What are the key differences between GDPR and C-27?

Although they use different clauses and terms, C-27 basically covers the same rights as GDPR (rights to access, opt-out of direct marketing, data portability, or erasure). However, the scope of C-27 is broader, as it explicitly covers employee data.

C-27 also explicitly covers artificial intelligence applications since they use and generate data. More specifically, this Act will require that:

  • Consumers or employees impacted by an AI application can request clear and specific explanations related to the system prediction.
  • High-impact AI applications perform an evaluation of potential negative biases and unjustified discrimination that may negatively treat specific populations or individuals.
  • High-impact AI applications document risks associated with negative biases or harmful outcomes of the application, identify mitigation strategies, and demonstrate the monitoring of these risks.

Why should you care about Canada’s bill C-27?

First, it is a necessary legislative document to ensure that data about Canadian residents is kept secure. For example, only six months after the slow and painful implementation of GDPR in Europe, 44% of respondents in a Deloitte poll believe that organizations care more about their customers’ privacy now that GDPR is in force. This is powerful.

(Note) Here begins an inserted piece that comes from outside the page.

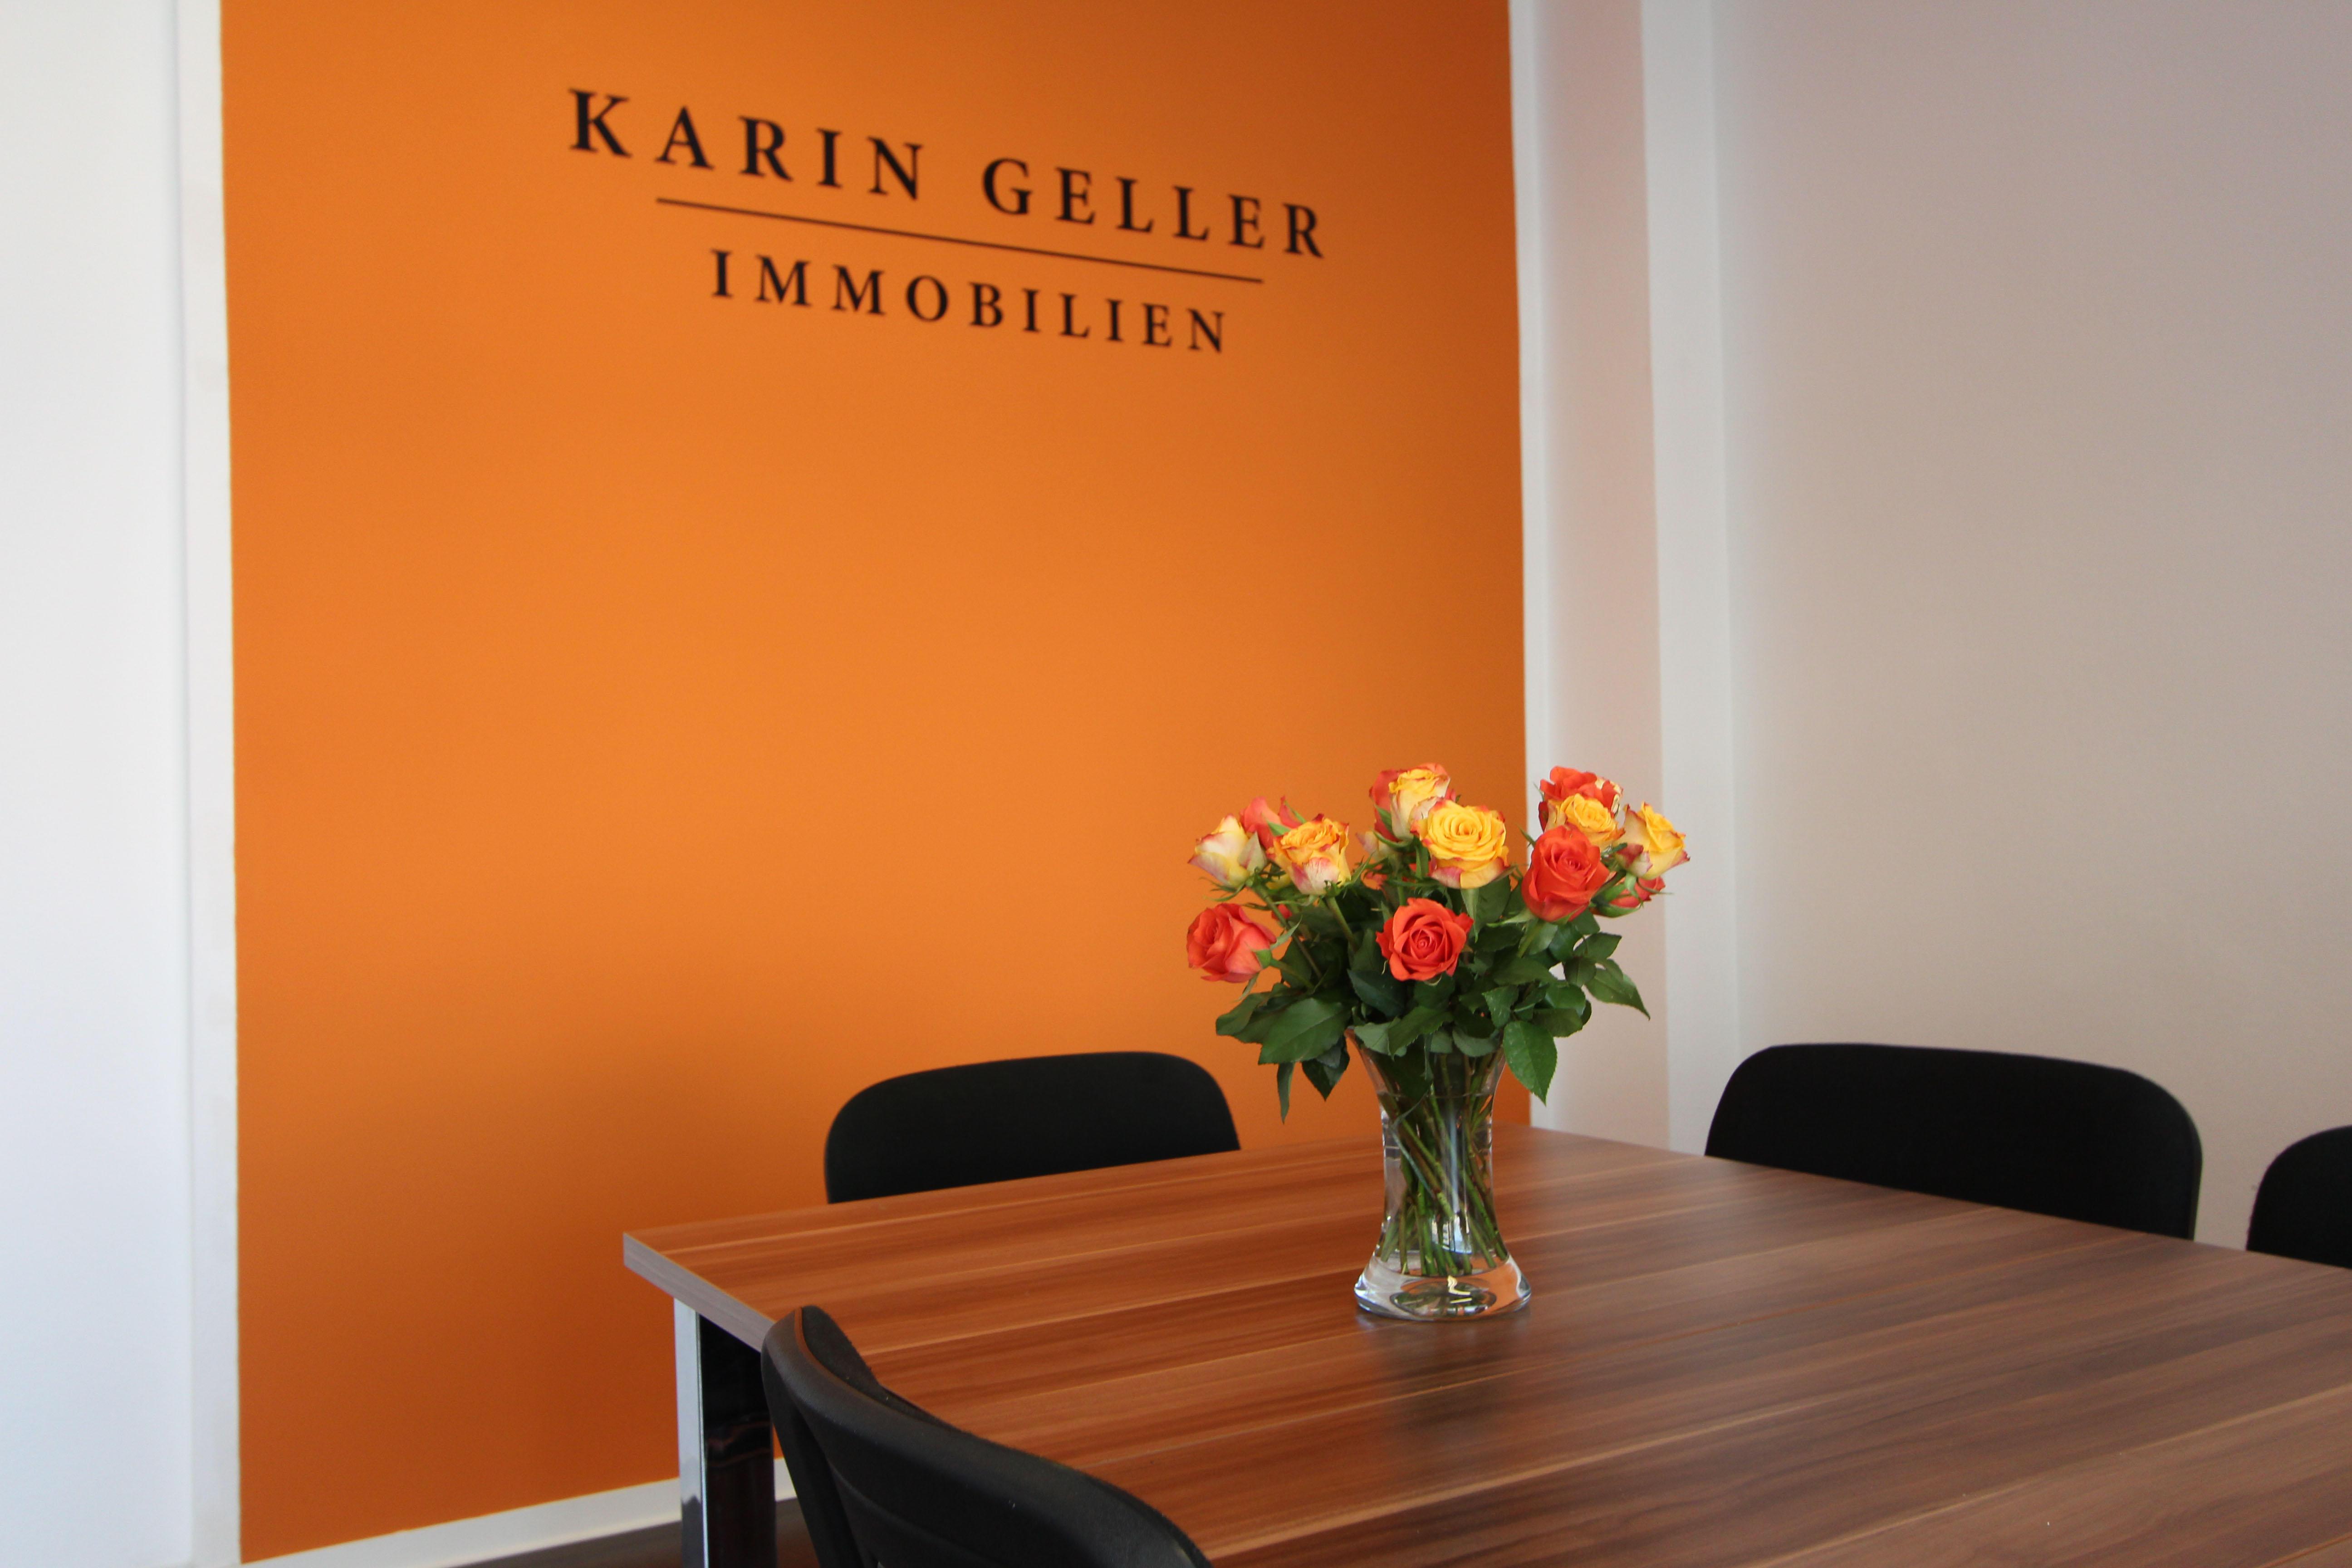 Karin Geller geprüfte Immobilienmaklerin / Hausverwalterin IVD Köln Köln

However, this means that a considerable amount of work must be undertaken to comply with C-27. Almost half of all European organizations have made a significant investment in their GDPR compliance capabilities, and 70% of organizations have seen an increase in staff that are partly or entirely focused on GDPR compliance. However, 45% of these organizations are still not compliant to GDPR. According to the GDPR enforcement tracker, since July 2018, 1317 fines have been issued.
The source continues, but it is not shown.